En los tiempos de mi matrimonio atormentado y apasionado con la Santa Madre Iglesia me movía del centro de la vida eclesial a sus periferias, en la salud y la enfermedad, en la riqueza y la pobreza, entre la fidelidad y el adulterio, entre la rebeldía y el recogimiento, entre acaloradas protestas y ¡una obediencia difícil!
He vivido veranos de participación activa en organizaciones y grupos católicos o de inspiración cristiana, donde asumí roles de responsabilidad, a pesar de la pertenencia crítica, pasando también por el servicio en las parroquias y comunidades locales. Han sido veranos calurosos, ricos y fructíferos de encuentros y de preciosas amistades que resisten el paso de los años.
He vivido otoños intensos por mis elecciones políticas incómodas, por las posiciones públicas tomadas, por las opciones existenciales compartidas o solitarias como “cristiana laica adulta”, que me han empujado a los márgenes de la vida eclesial porque no estaba alineada con la mayoría, no era democristiana, no quería ser cómplice del colateralismo de las jerarquías católicas con un sistema político corrupto.
Hubo fríos inviernos de conciencia del declive de la Iglesia italiana en la época de ruiniana.

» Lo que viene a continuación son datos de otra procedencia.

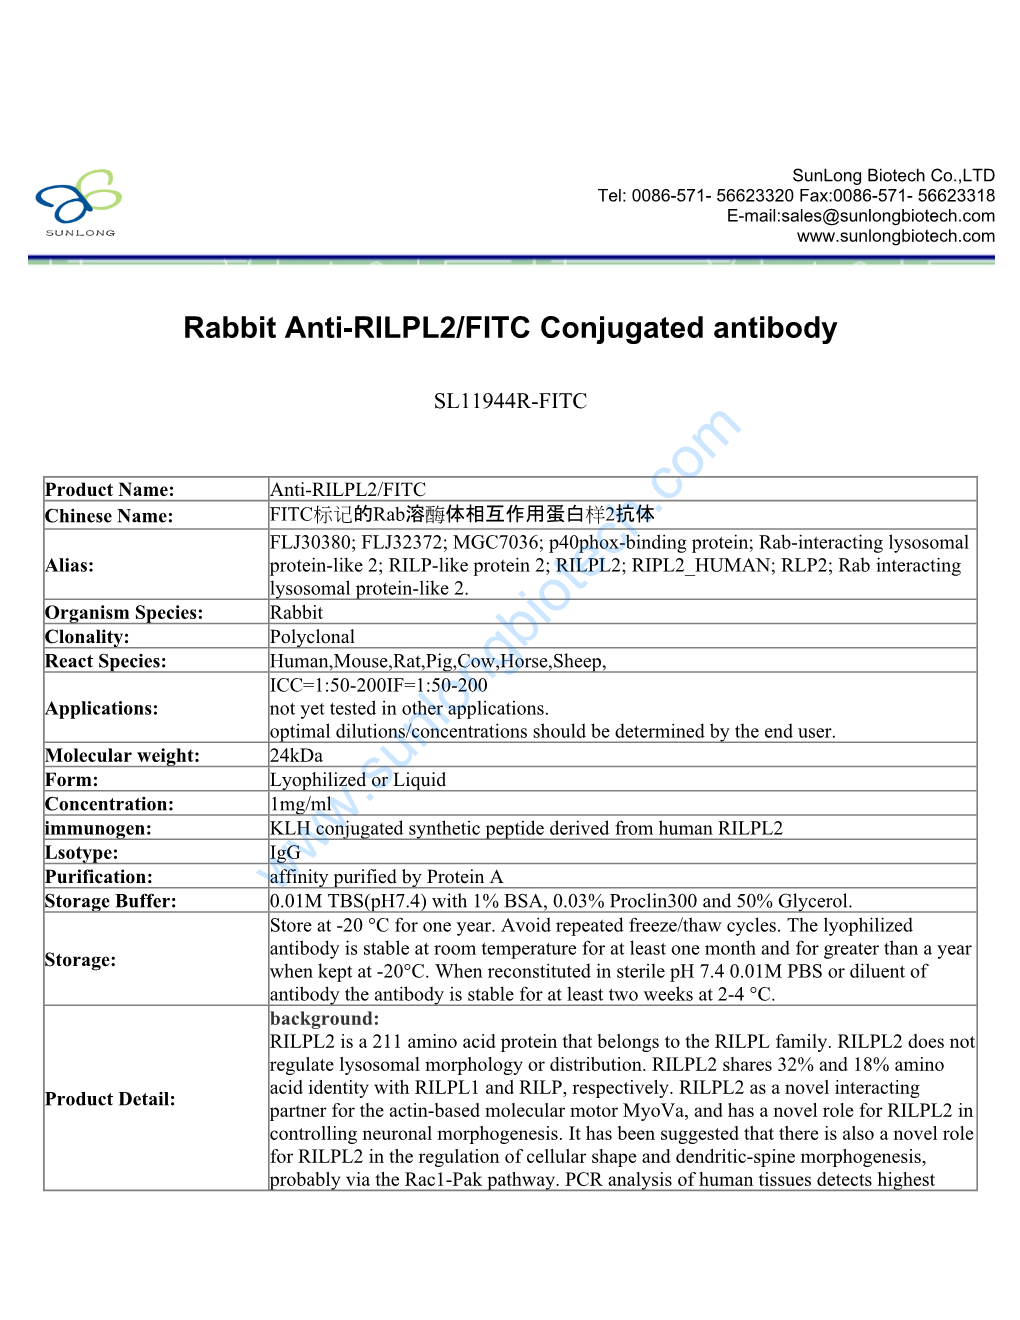 Rabbit Anti-RILPL2/FITC Conjugated Antibody-SL11944R-FITC

El retorno cada vez más fuerte de los vientos preconciliares, del poder de una Iglesia jerárquica y piramidal, del vaciamiento del sentido de las liturgias, de la reducción “a la Iglesia de los sacramentos”, del retorno de la centralidad del sacerdote celebrante, del empobrecimiento cultural de los laicos, de la misoginia imperante hasta el terrible descubrimiento del lado oscuro de los abusos, la simonía y la corrupción, causas graves de la crisis actual.

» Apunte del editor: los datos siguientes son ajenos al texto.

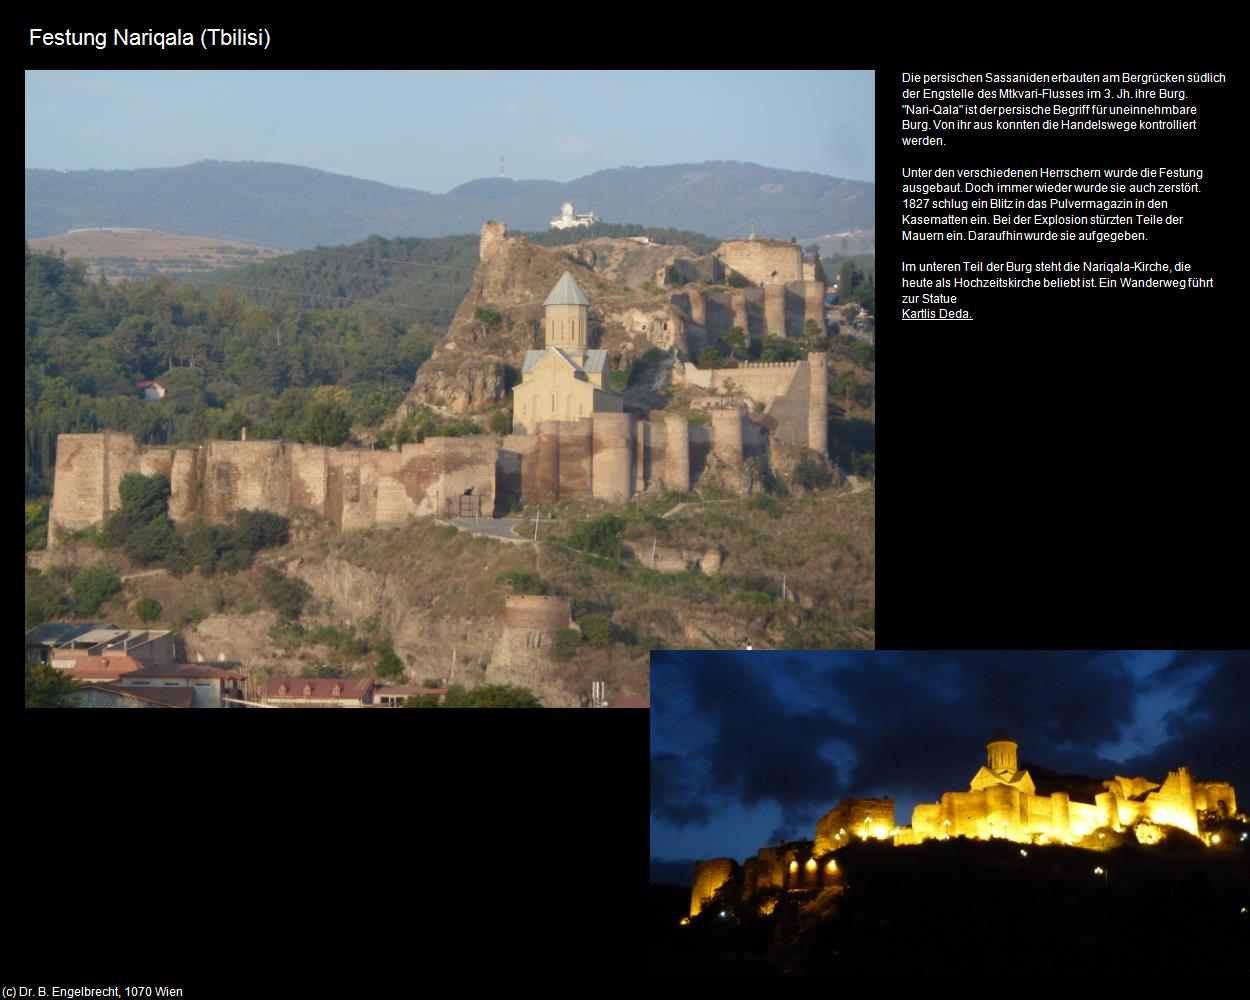 Festung Nariqala  (Tbilisi) in GEORGIEN(c)B.Engelbrecht

También he vivido felices primaveras germinadas del encuentro con mujeres y hombres en constante búsqueda, mujeres enamoradas del Evangelio, escrutadoras de la Palabra, buscadoras indomables de la perla preciosa de la luz divina, hombres inmersos en la opción preferencial por los pobres, mujeres y hombres envueltos en la Ruah, junto con el valor de la parresía, en una dirección obstinada y contraria.
Dentro y fuera
Cada una de estas estaciones nunca terminó del todo, si acaso quedaron diluidas en las siguientes. Hay un hilo conductor que ayer como hoy marca mi estar dentro y fuera de la Iglesia “oficial”. Ese elemento que me moldeó como “mujer cristiana laica y feminista”, es decir, la relación entre mujeres, la práctica política entre mujeres y la mística política femenina.

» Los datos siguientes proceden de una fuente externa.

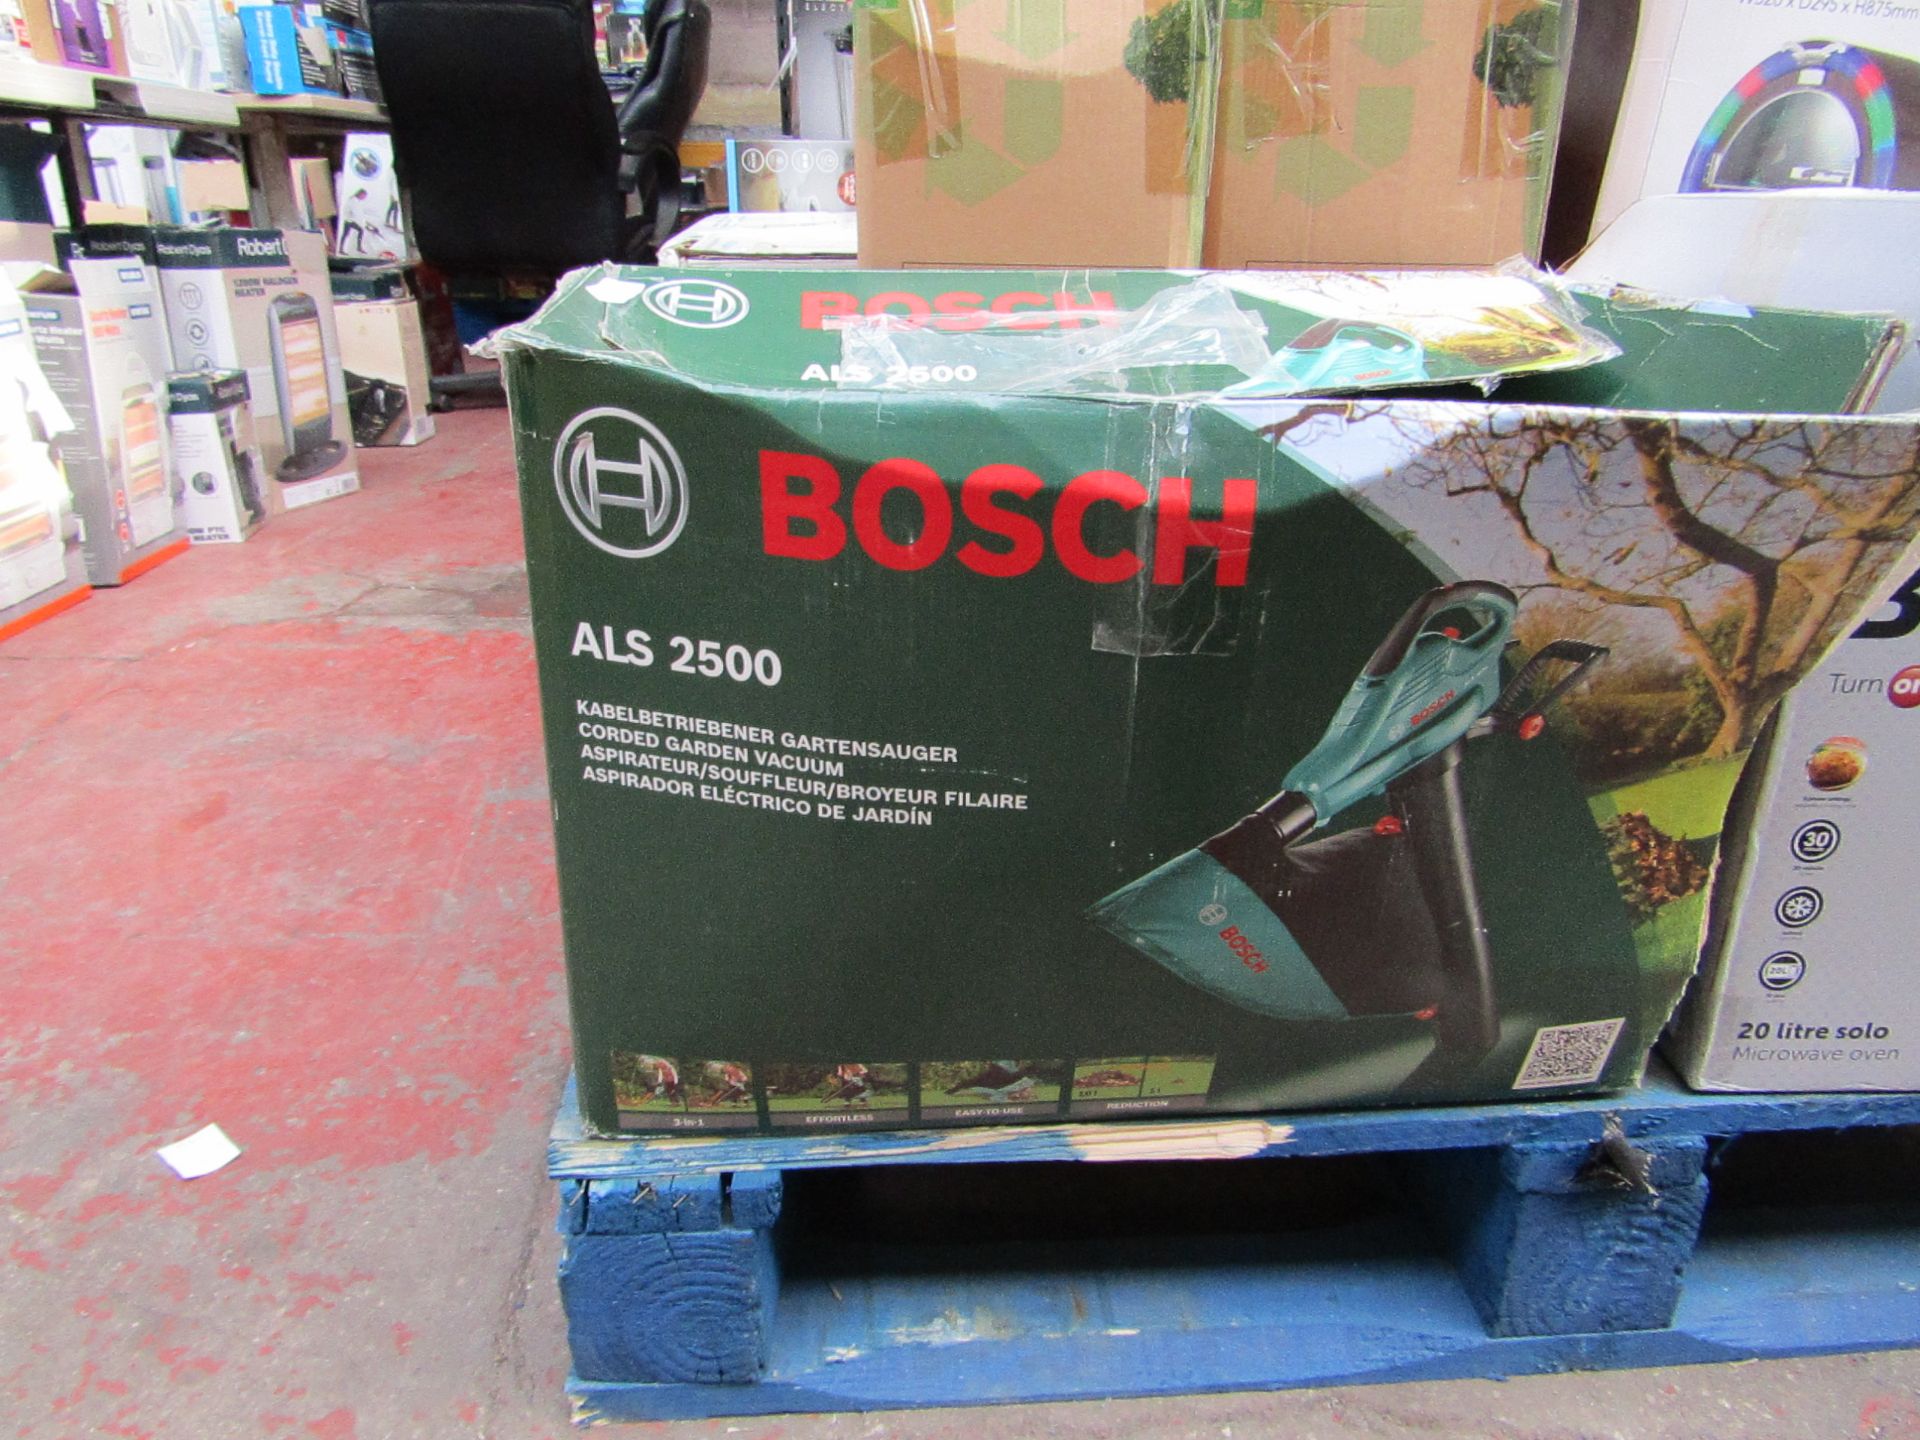 Bosch ALS 2500 garden vacuum boxed

Comenzó con esa genealogía de la infancia de mi familia matriarcal y ha llegado a tener un nombre gracias al encuentro fundamental durante mis años universitarios con una destacada católica italiana, Maria Dutto, y el “Gruppo Promozione Donna” de Milán. Mujeres de todas las edades que, al darnos reconocimiento a nosotras, las jóvenes, nos abrieron espacios libres para escuchar, para aprender no solo del feminismo laico, sino de la historia viva de otras mujeres que, permaneciendo fieles a la Iglesia católica, han tomado decisiones, promovido acciones y fundado grupos heterodoxos en torno a la presencia de la mujer en la Iglesia de su tiempo. Que han traído al mundo, con autoridad femenina, otra forma de ser Iglesia.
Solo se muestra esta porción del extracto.